Secondly, the stipulation of the national standards has positive influence on the optimization and completion of our data security compliance assessment process. In fact, the design of the compliance process is key to the efficiency and quality of our assessment work. On the basis of previous assessment, we have clarified and optimized our assessments’ details and processes.

Thirdly, since cybersecurity and data compliance is systematical work requiring multi-disciplinal background, it requires the legal team to work effectively with various departments such as the technology development and product operation teams. Our legal team has strengthened the role of the main coordinator and the “middle-end” and has been endeavouring to build a multi-departmental assessment mechanism.

Finally, the basic logic of the digital economy decides that we must reply on community wisdom to protect cyber and data security. Therefore, we’ve been participating proactively in the discussion of building industry standards and forming industry ethnics. By learning lessons from our peers and sharing our own experiences, we hope to make our own contribution to society.
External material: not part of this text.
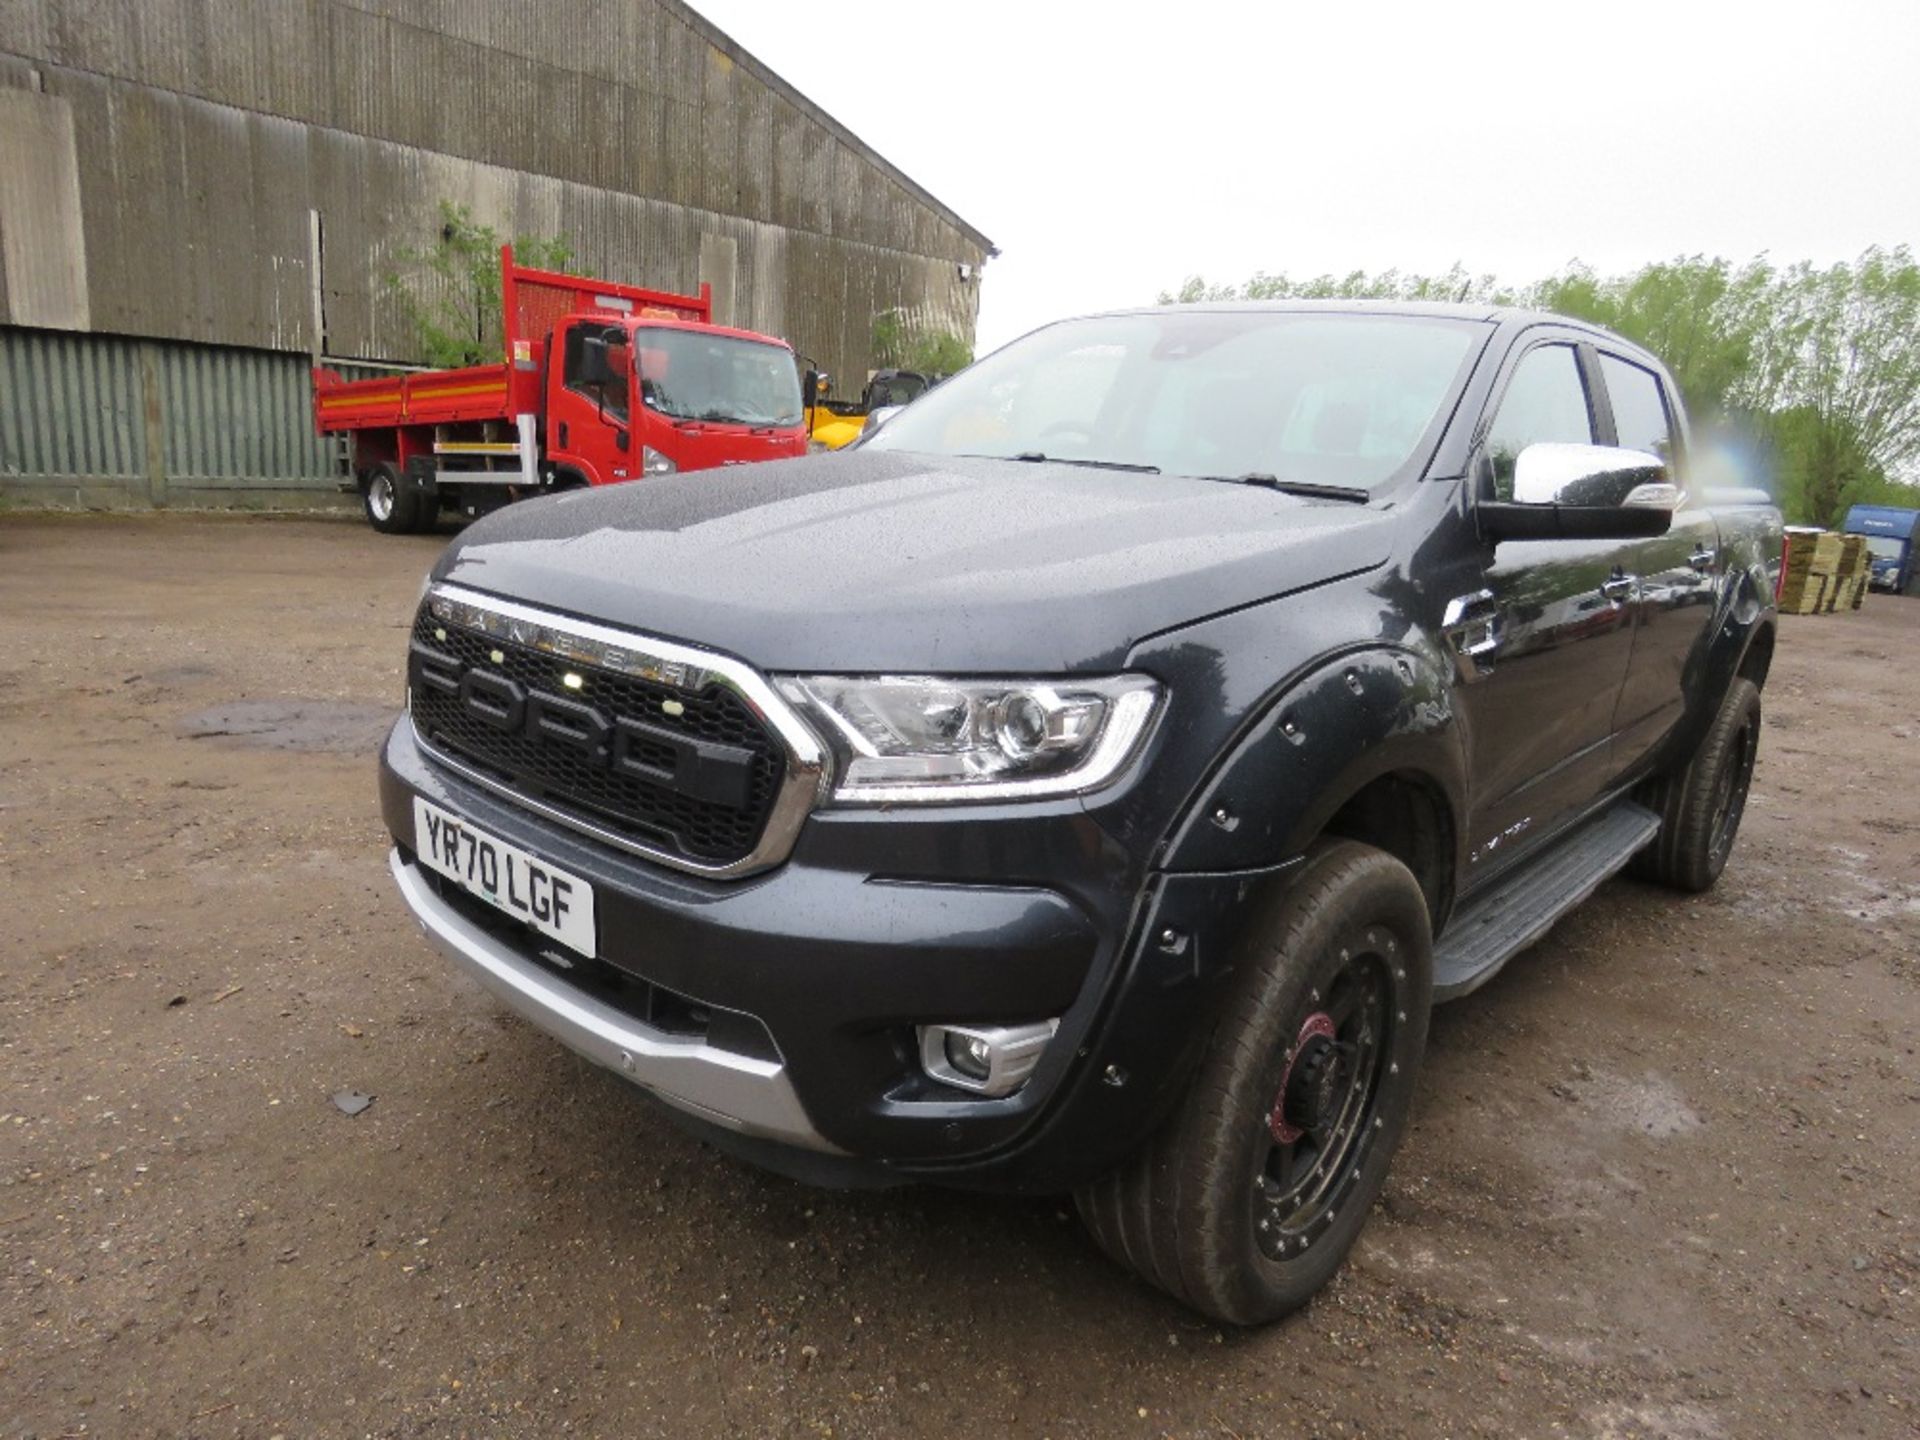 FORD RANGER LIMITED EDITION DOUBLE CAB PICKUP, AUTOMATIC, REG:YR70 LGF. 110,287 REC MILES. 2 LITRE - Image 8 of 15

“Legislation lagging behind constantly evolving technology is quite normal for technology companies, but it doesn't mean that we can develop our businesses arbitrarily.”
- Fu Tong, JD Digits Group

ALB: TMT companies are constantly adopting new technology and new business models, and they sometimes find themselves in areas not yet covered by the current legal system. How is your legal team advising and supporting the business in these circumstances? Could you give us a few examples?
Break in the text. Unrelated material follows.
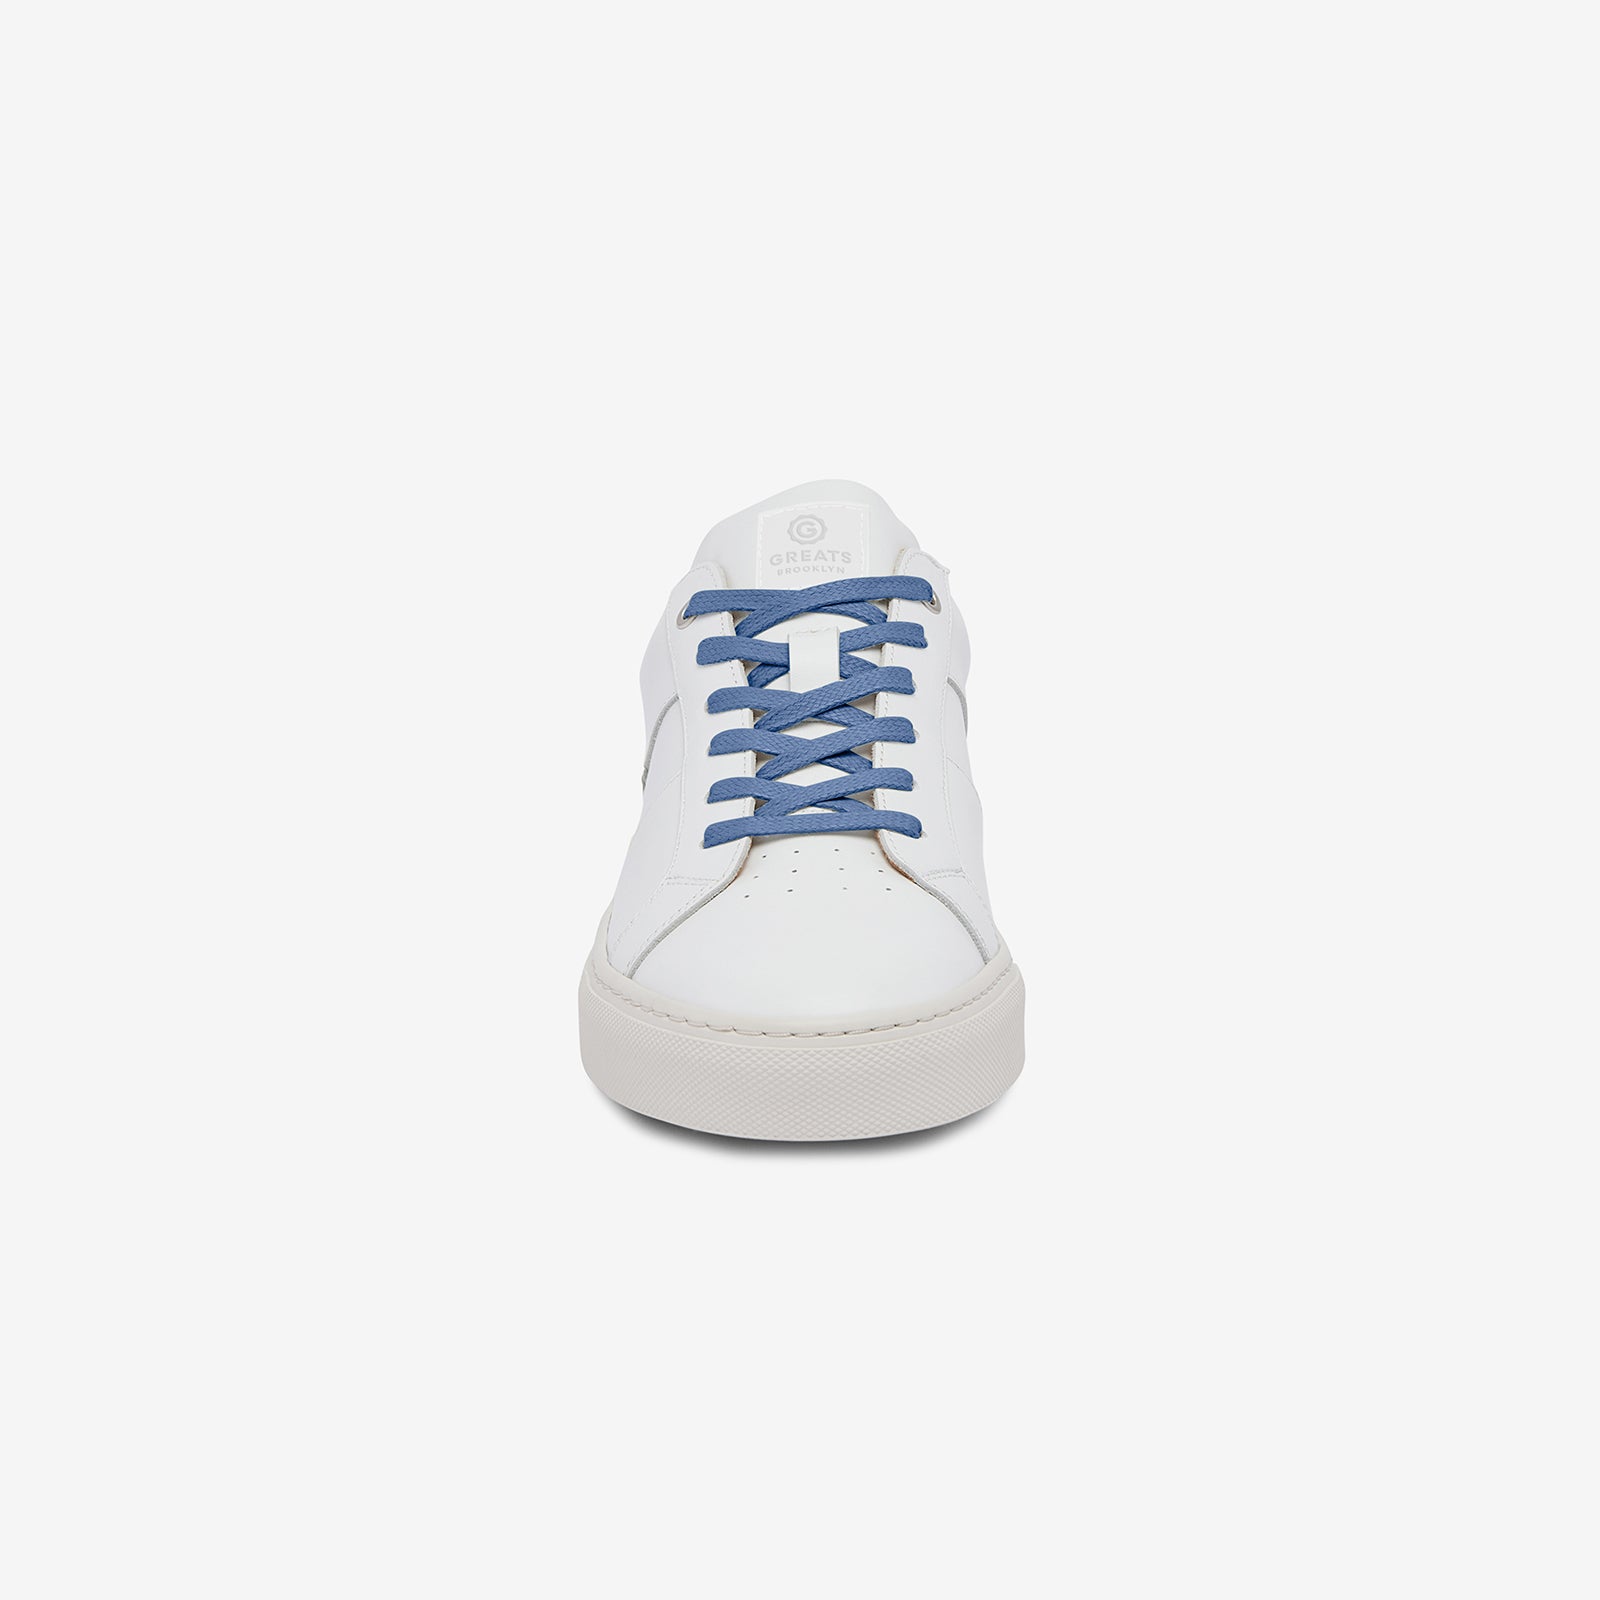 GREATS Premium Waxed Laces - Light Blue

Fu: Legislation lagging behind constantly evolving technology is quite normal for technology companies, but it doesn't mean that we can develop our businesses arbitrarily. China's legal and regulatory systems are generally complete in all industries, according to which we can always find feasible ways to evaluate and predict possible legal and regulatory risks. Therefore, our legal team pays more attention to the core matters and legislative trends, and gains insight into the legislative intent.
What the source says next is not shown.